# REQUIRED WORK:
Return every line from the one with "Lockere Jeans mit" through the one with "Logo_Tribal Value_Horizontal _White", inclusive, exactly as it appears below.

===== GIVEN ENTRIES =====

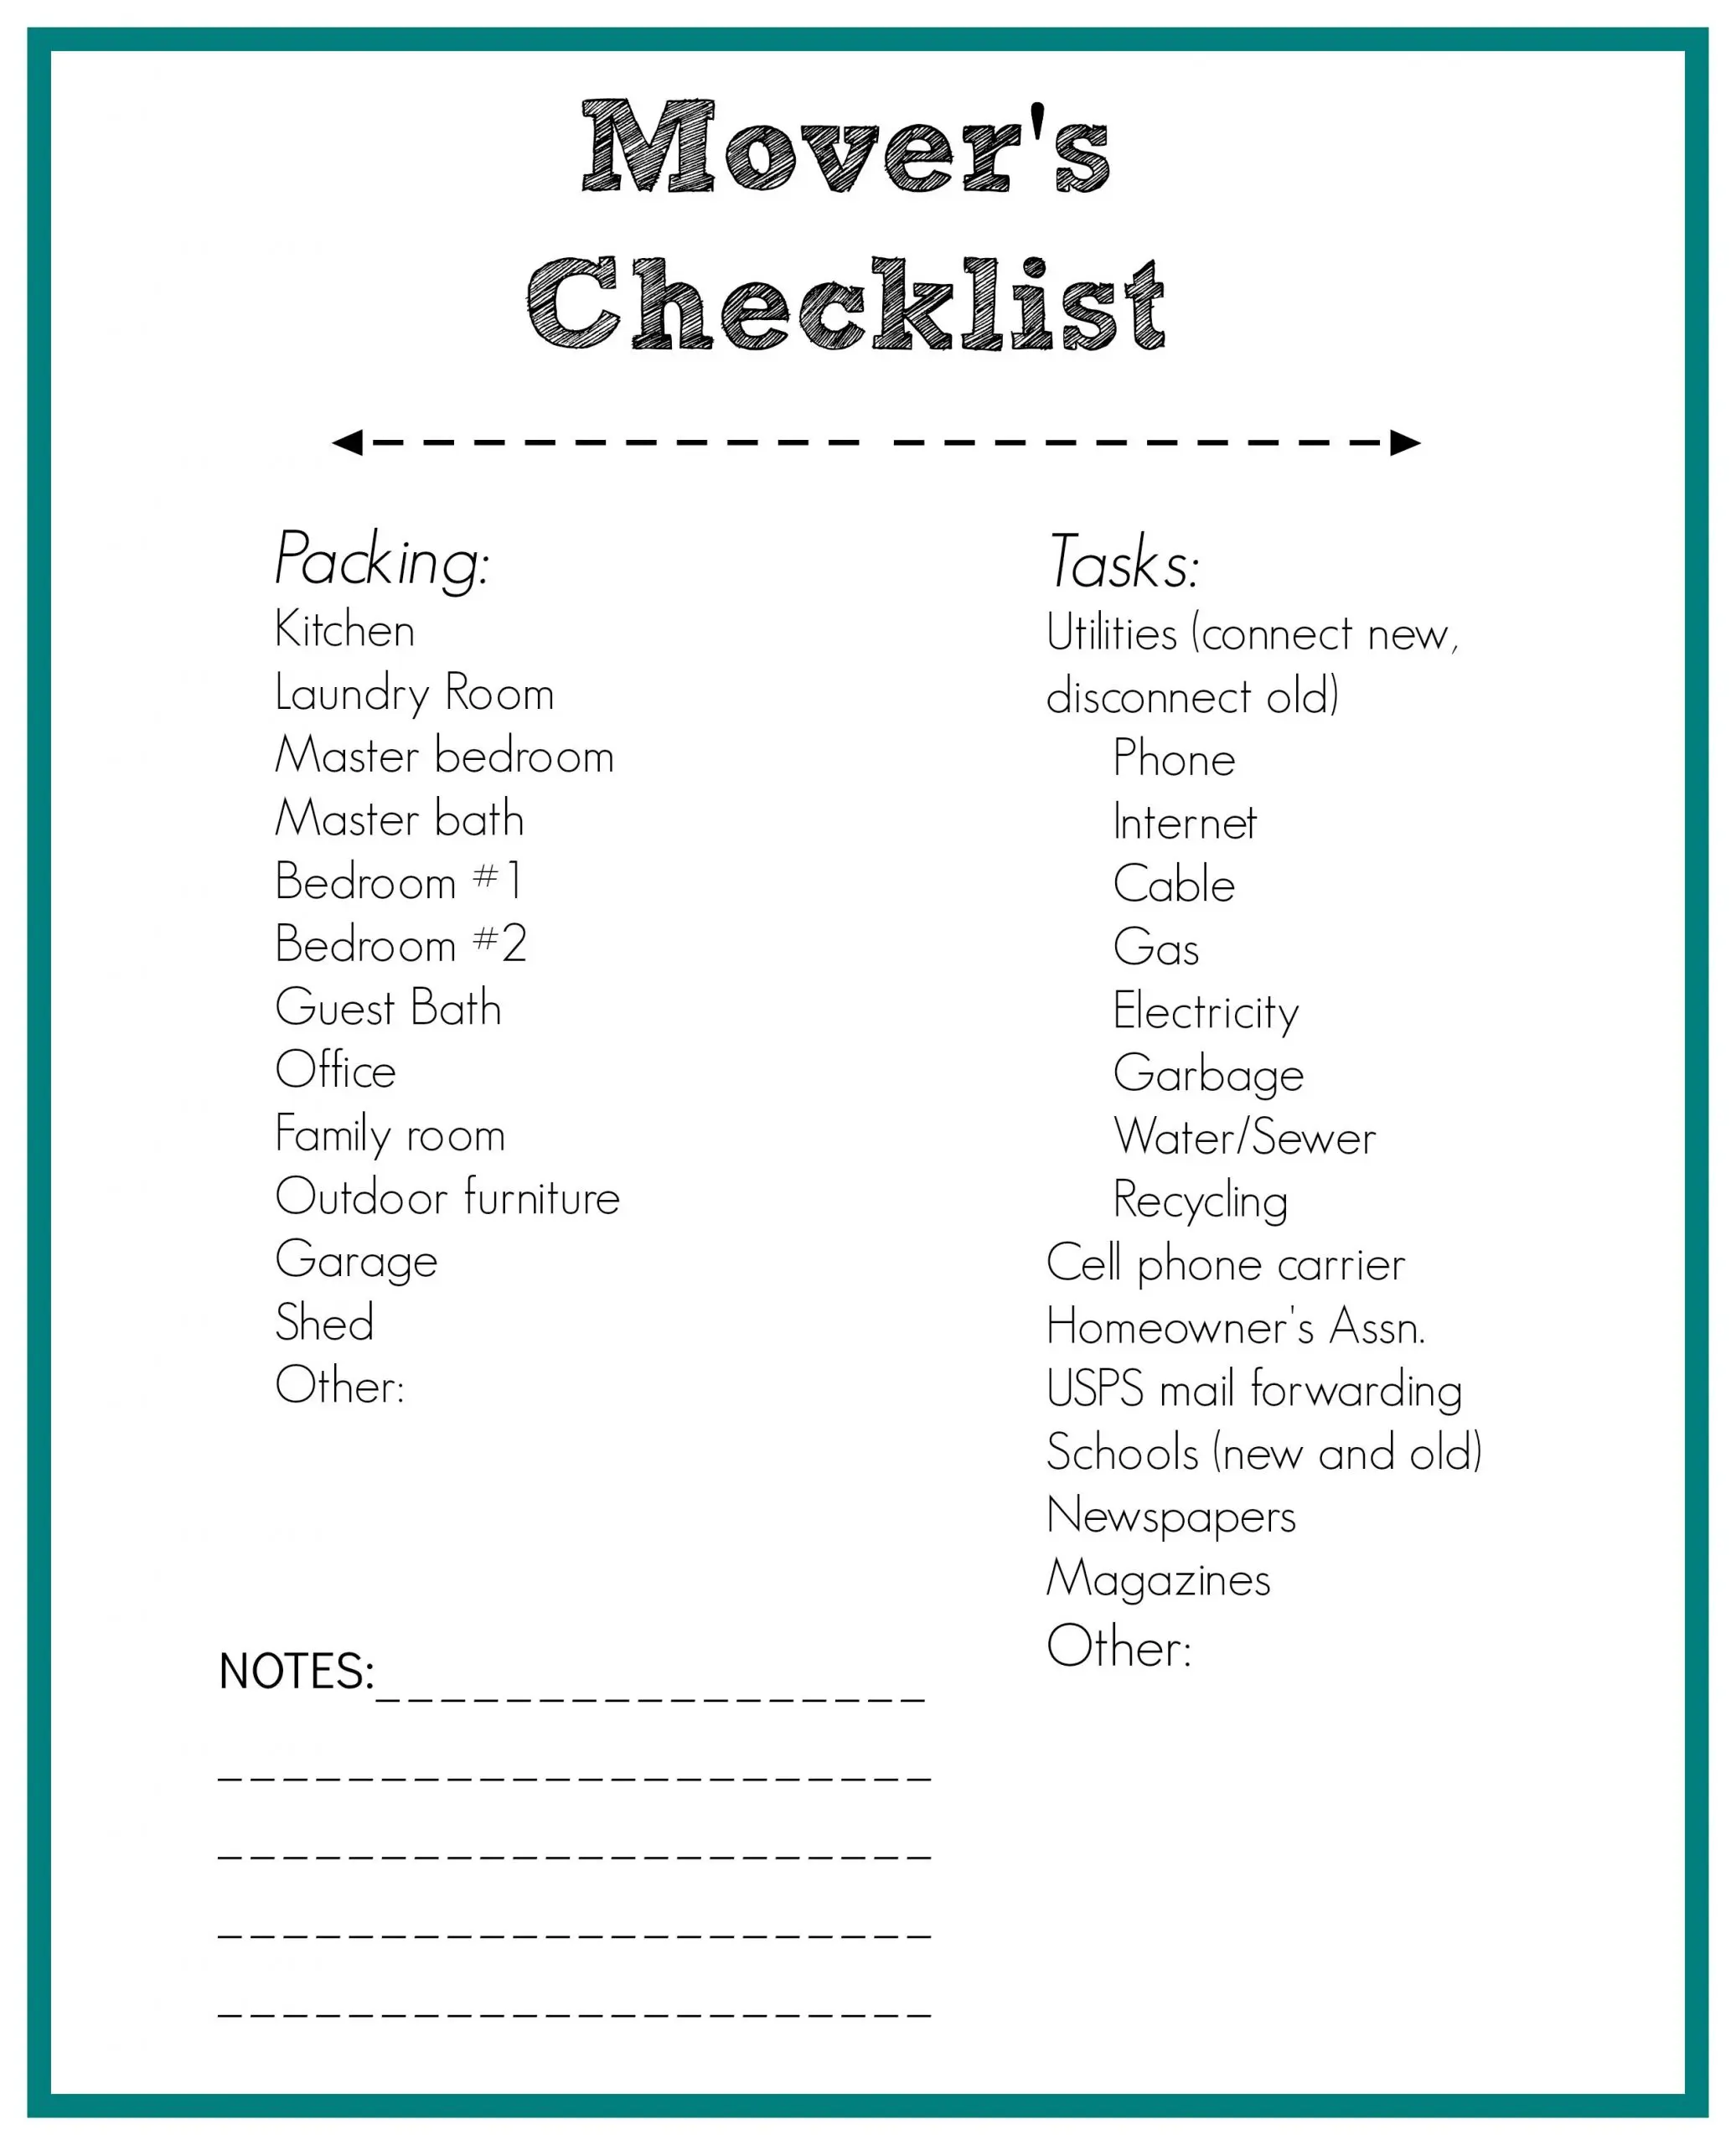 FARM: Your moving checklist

=====
===== GIVEN ENTRIES =====

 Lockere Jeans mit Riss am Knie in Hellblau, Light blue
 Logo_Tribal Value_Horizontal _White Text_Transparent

=====

# WRITTEN RESPONSE:
 Lockere Jeans mit Riss am Knie in Hellblau, Light blue
 Logo_Tribal Value_Horizontal _White Text_Transparent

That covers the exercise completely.